Her body was protected by armor that would make a billionaire philanthropist playboy jealous and shielded still further by [Soul Knight] and [Void Speaker] magics and she’d still needed to carry [Heart Fire] back to her own corpse more than a dozen times and regenerate it fully at the [Heart Fire] another nine or ten or something like that times after the absolute ruin the dungeon mobs had made of it.
“We need to find the dev who made this place and force him to run it in a paper bag for armor,” Rip said, screwing Matt’s head back on. “That boss sucked.”
“Ugh, thanks,” Matt said, his eyes regaining their lively glow as his spirit reentered his body. “And yeah, what was with that last attack? We had him killed dead! That was so cheap!”
“[Retributive Strike: Agony Lament],” Starchild said. “I’ve never seen an attack like that, but I knew it wasn’t going to be fun.”
“Lots of bosses do that,” Wrath Raven was disgruntled. Apparently watching her weaker self get blasted into a fine mist while she was forced to sit out of the fight didn’t agree with her.
“Not at this level though,” Lady Midnight said walking back into the room, fresh from the [Heart Fire], whole of body, and full of mp. “I can get everyone who’s still down patched up, but we may want to take a break for a bit anyways.”
“I won’t say no to that,” Obby said.
Of all of them she’d died the least, only dropping a handful of times when the entire party wiped. No would argue that she’d suffered the least though. As the party’s primary tank, she’d been the front line in every battle they’d fought. At least half of the blood splashed along the hallways and up to the ceilings in the rooms on [Hells Breach’s] first three levels was hers.
“That’s not a bad idea,” Tessa said. “Once we move forward,” she nodded towards the slowly pulsing oval of light at the other end of the laboratory they were slumped down in, “things are just going to get harder.”

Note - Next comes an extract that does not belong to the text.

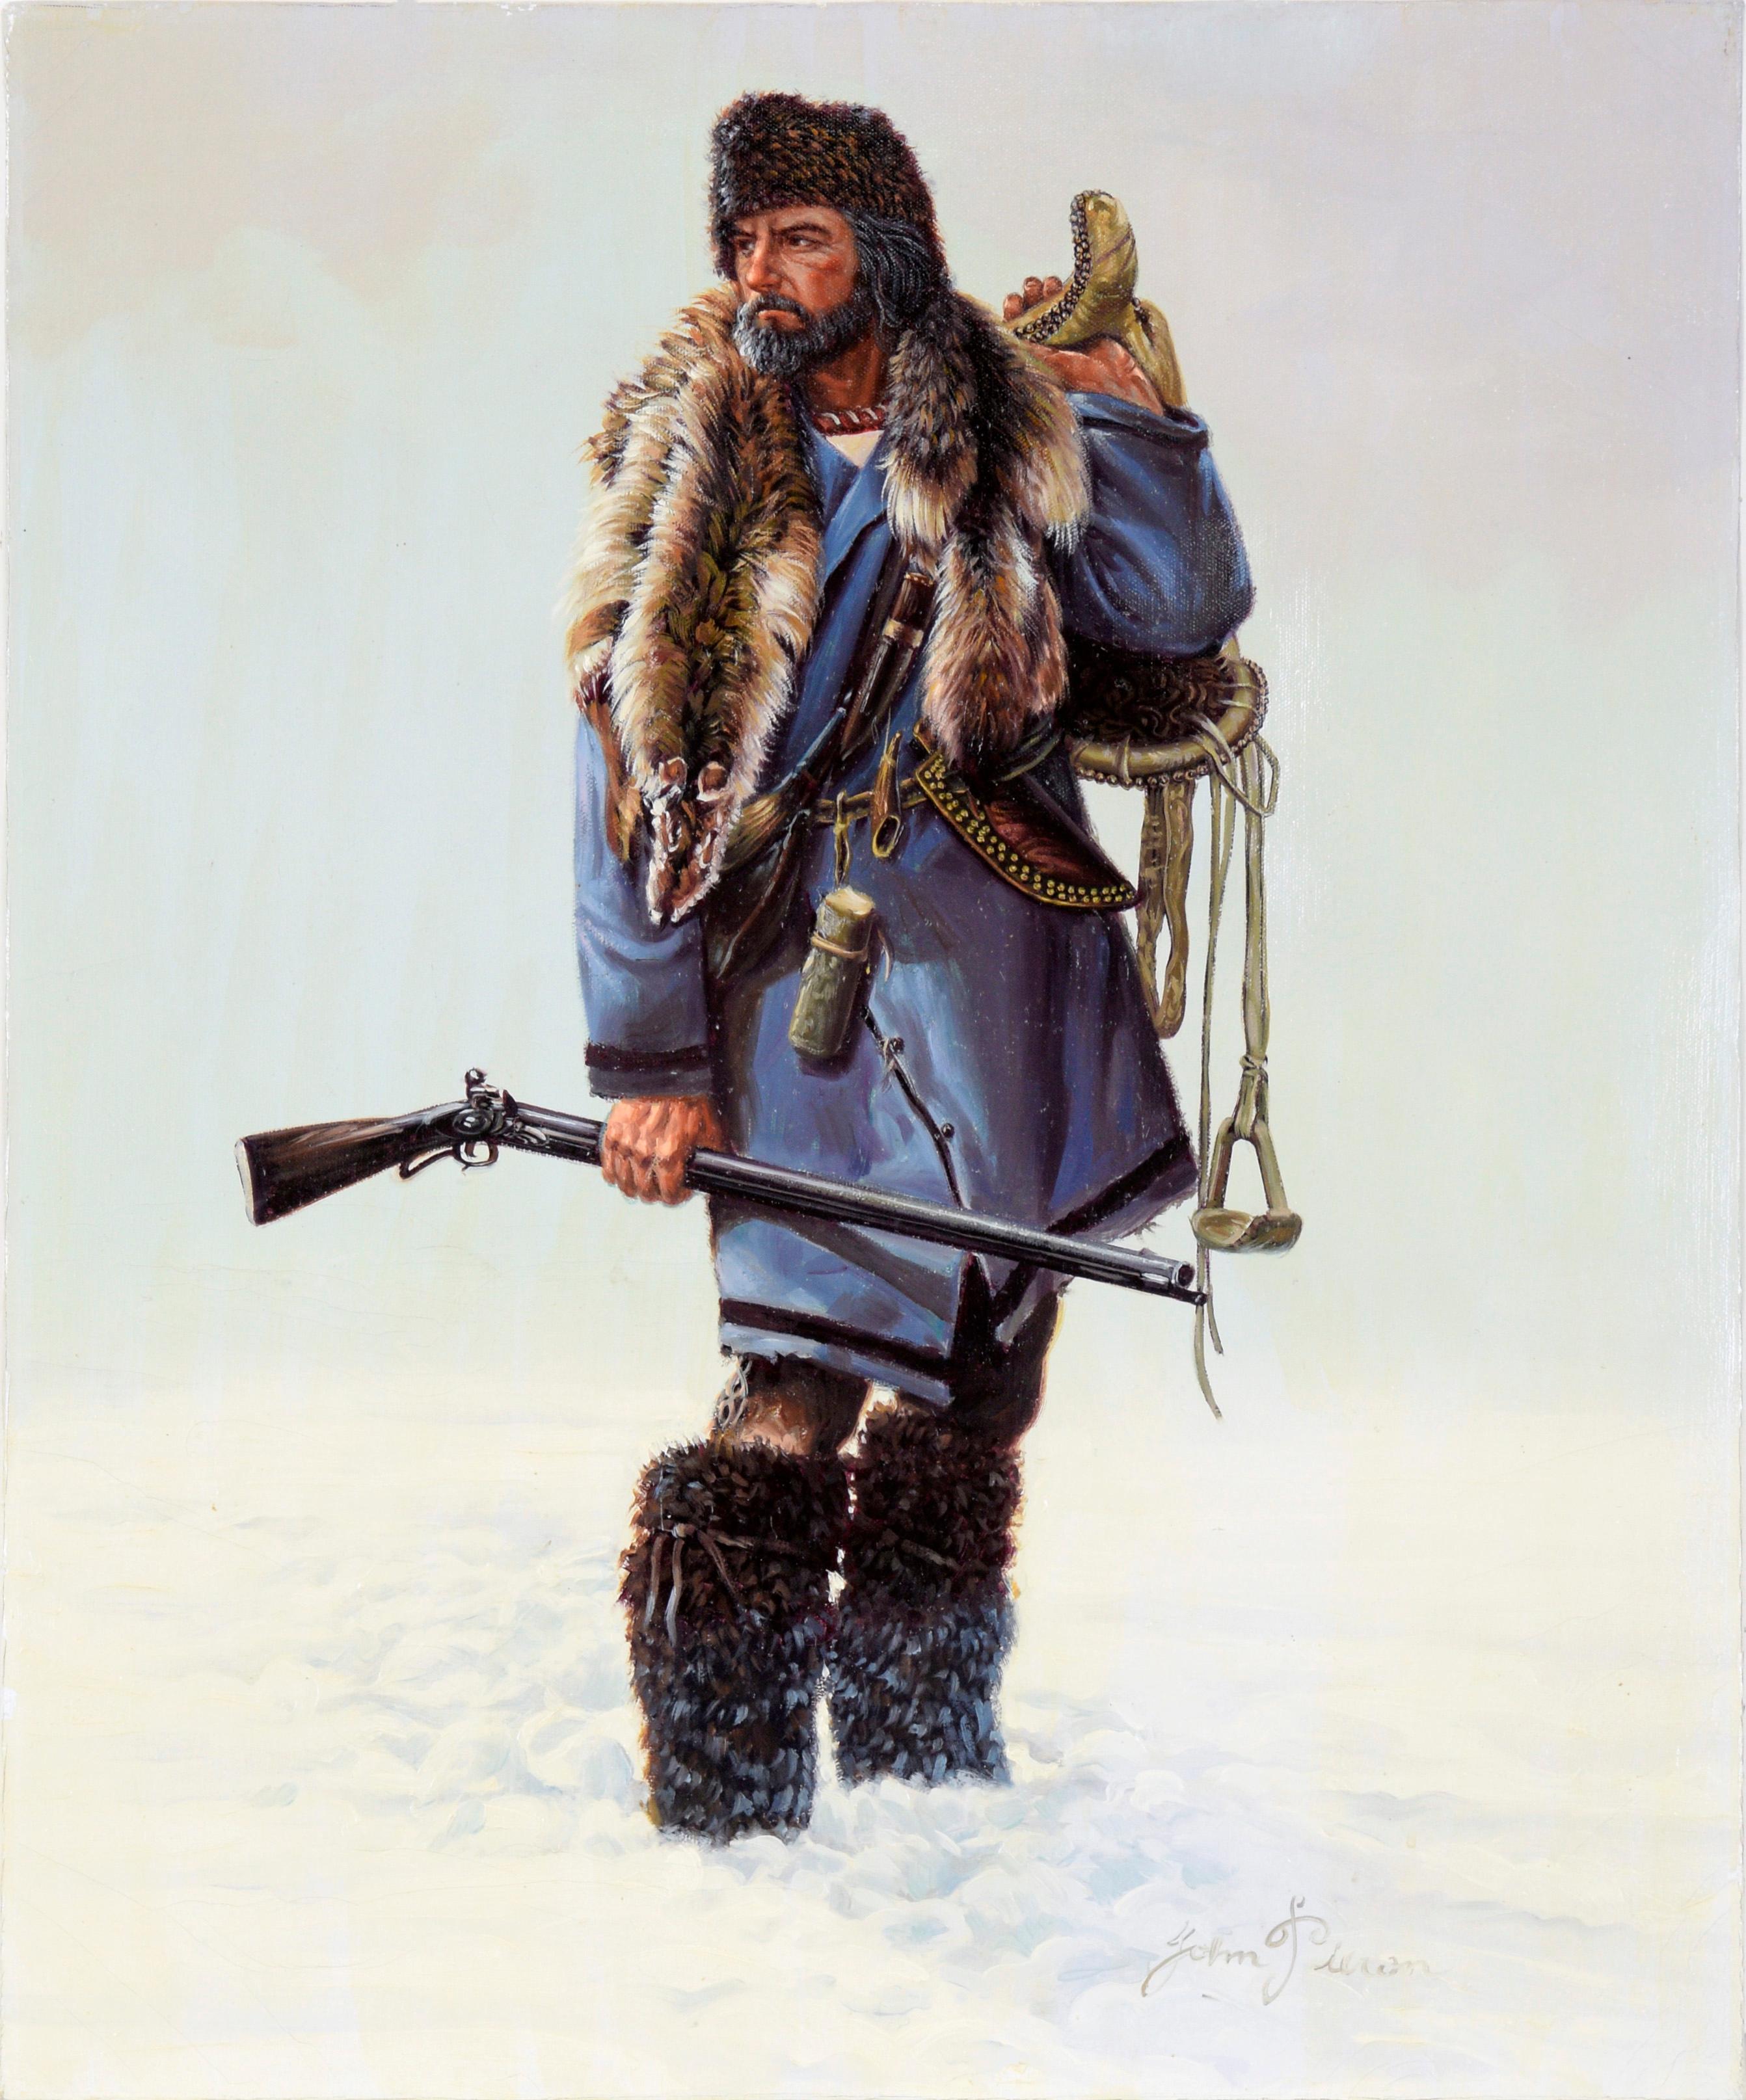 Portrait Painting John Pieron - Trappeur en hiver - Portrait à l'huile sur toile

“I can’t believe we’ve gotten this far,” Rip said, resting against Matt, who was returning the favor by resting against her.

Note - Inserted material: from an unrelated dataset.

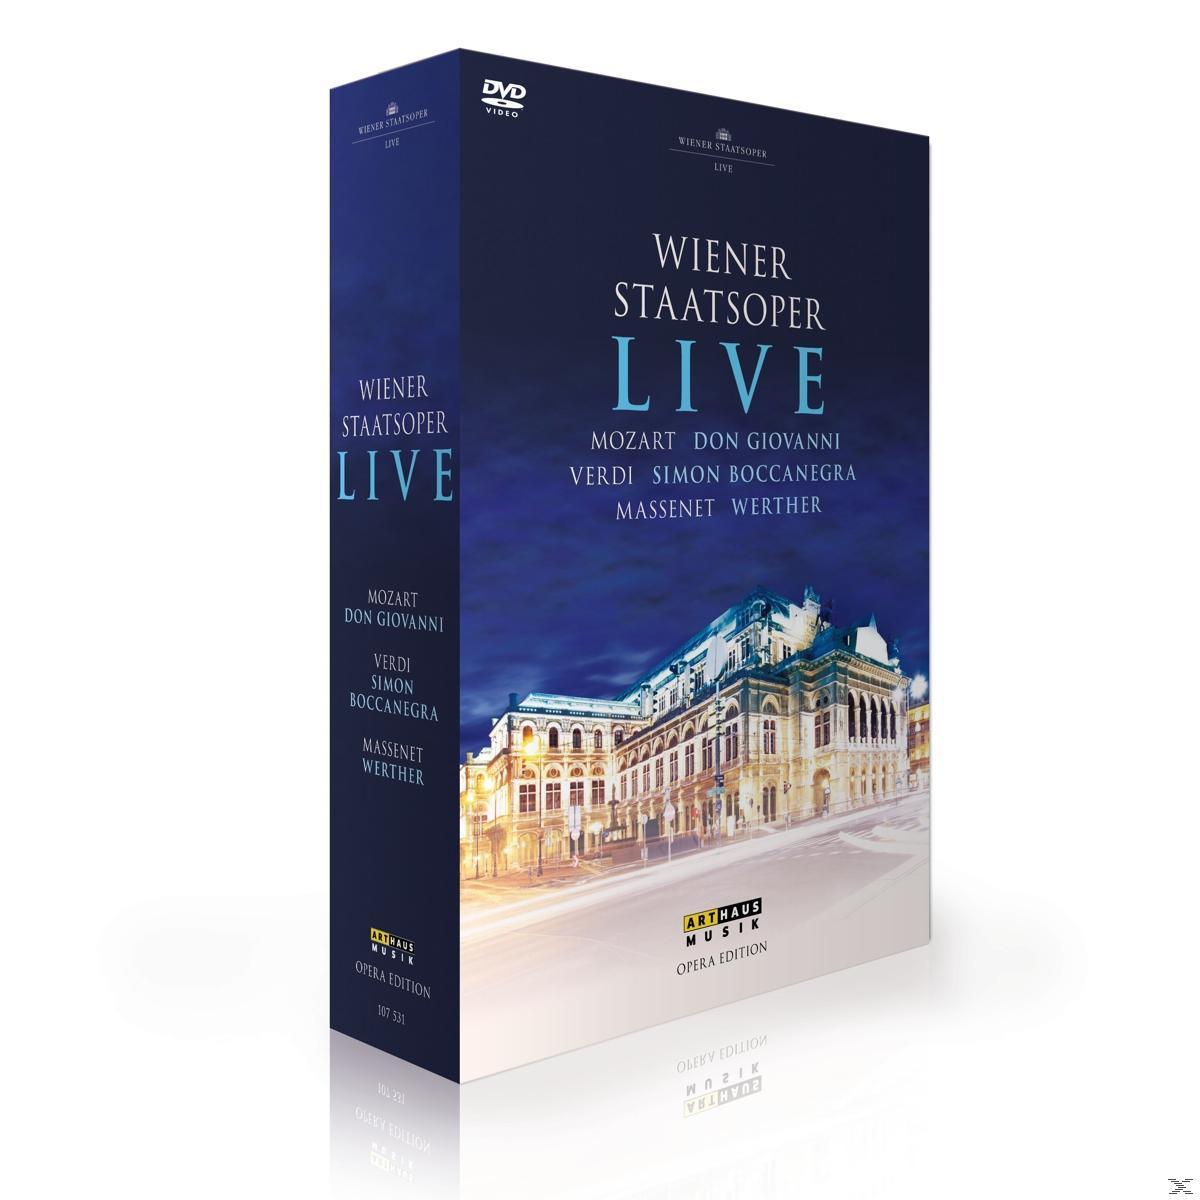 VARIOUS, Wiener Staatsoper - (DVD) Wiener - Staatsoper Live

“New dungeon,” Wrath Raven said. “Always goes like this.”
“Really?” Rachel asked, glancing over at her sister for confirmation.
“Pretty much,” Lisa said. “It’s a lot easier when it’s just pixels and the only exhaustion you feel is from staying up till dawn.”
“Are we doing okay then?” Matt asked.
“Better than okay,” Wrath Raven said. “You haven’t quit yet.”
Matt laughed until he saw Wrath was serious.
“My guild beat this place back in the day, but we didn’t do it all in one run,” Lisa said. “In fact, two of the newbies quit from the raiding team after the first run.”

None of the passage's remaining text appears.